Sleipnir
|
SpeciesConnector calculates the mutual information (or other similarity measure) between pairs of input datasets. This can be used to approximate how much information is shared between two experimental datasets or how similar two predicted functional relationship networks are.
SpeciesConnector <data.dab>*
Compute pairwise mutual information scores for each pair of datasets in data.dab
and output them to standard output.
Note that to use Counter with the output from SpeciesConnector
, you should first convert the table of raw (bit) mutual information scores to exponentially scaled sums of relative shared information. This can be done using the half2relative.rb
and half2weights.rb
scripts included with Sleipnir. The combination of these two files' outputs creates a weights file appropriate for use with Counter 's alphas parameters.

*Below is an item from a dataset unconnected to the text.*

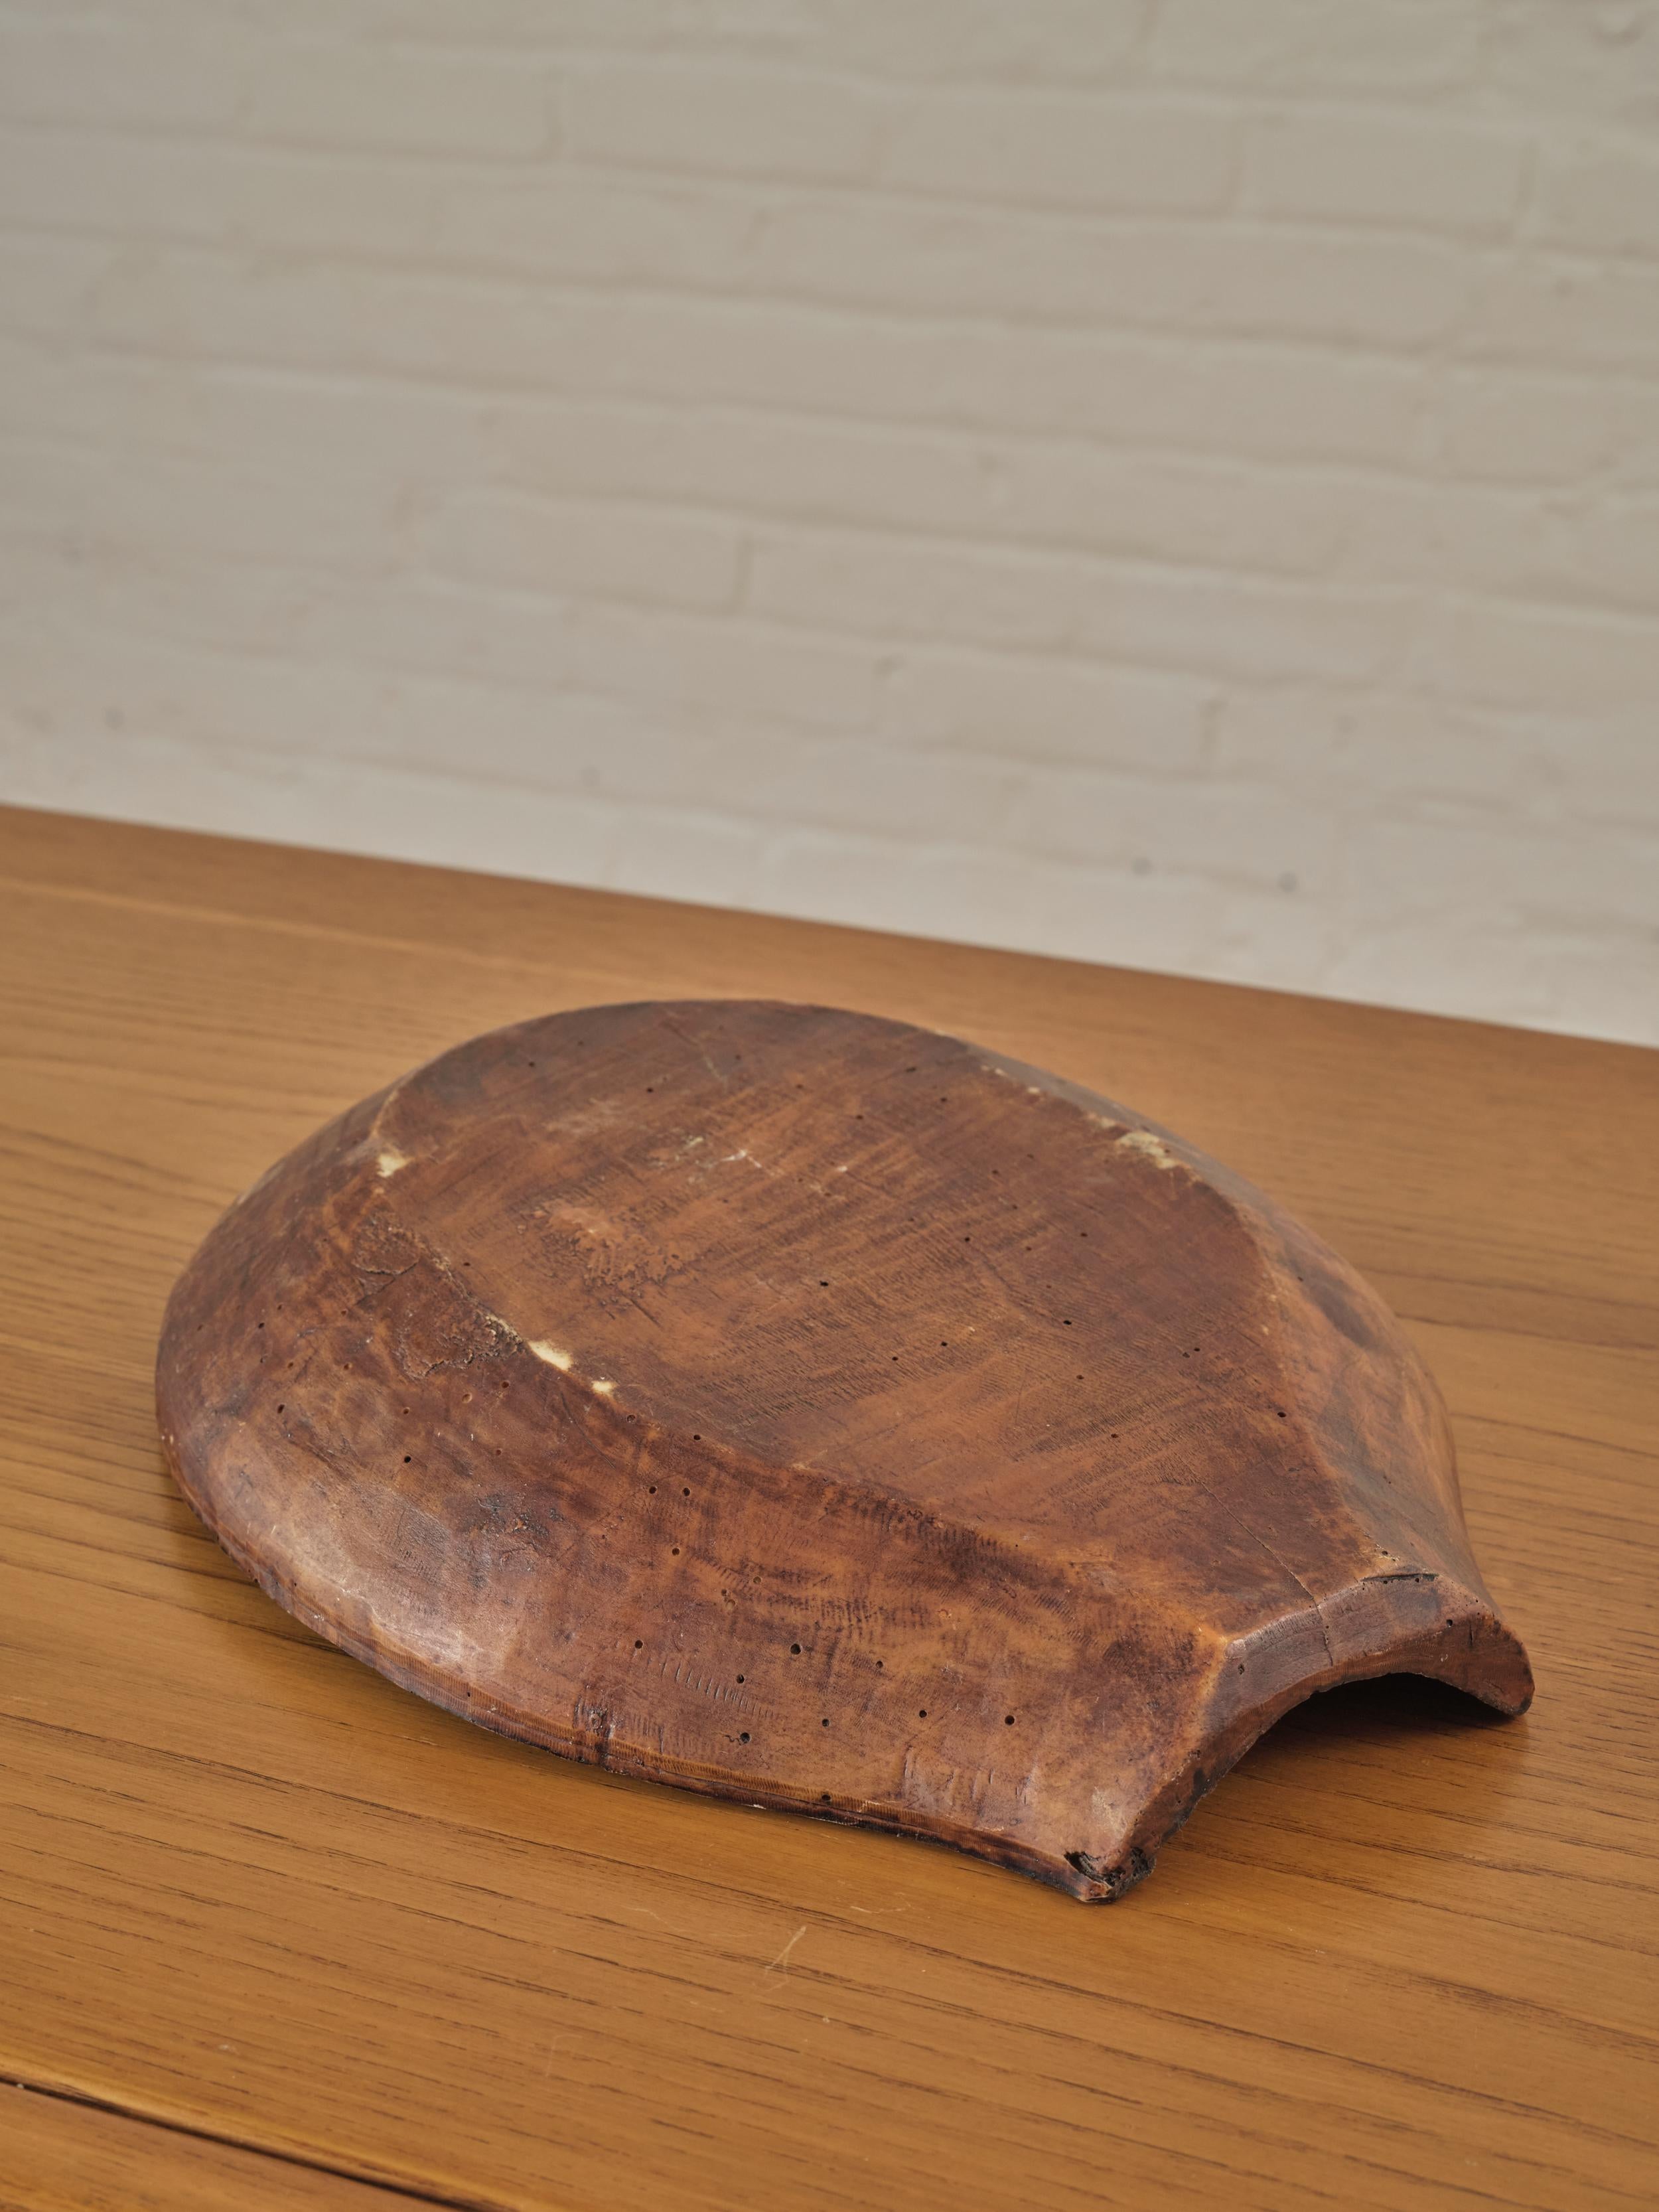 A small African wooden dough bowl with a flat opening on one side.

package "SpeciesConnector"
version "1.0"
purpose "Cross species connection calculator."
section "Main"
option "ddirectory" d "Data directory"
string typestr="directory" default="."
option "adirectory" w "Answer directory"
string typestr="directory" default="."
option "odirectory" o "Output directory"
string typestr="directory" default="."
option "jdirectory" p "Learned joint directory"
string typestr="directory" default="."
option "l1directory" j "Likelihood wrt 1 directory"
string typestr="directory" default="."
option "l0directory" k "Likelihood wrt 0 directory"
string typestr="directory" default="."
section "Stage: Learn/Prediction"
option "learn" L "Learn flag"
flag off
section "Network Features"
option "zeros" Z "Read zeroed node IDs/outputs from the given file"
string typestr="filename"
section "Optional"
option "memmap" m "Memory map input/output"
flag off
option "random" r "Seed random generator"
int default="0"
option "verbosity" v "Message verbosity"
int default="5"
option "genex" G "Gene exclusion file"
string typestr="filename"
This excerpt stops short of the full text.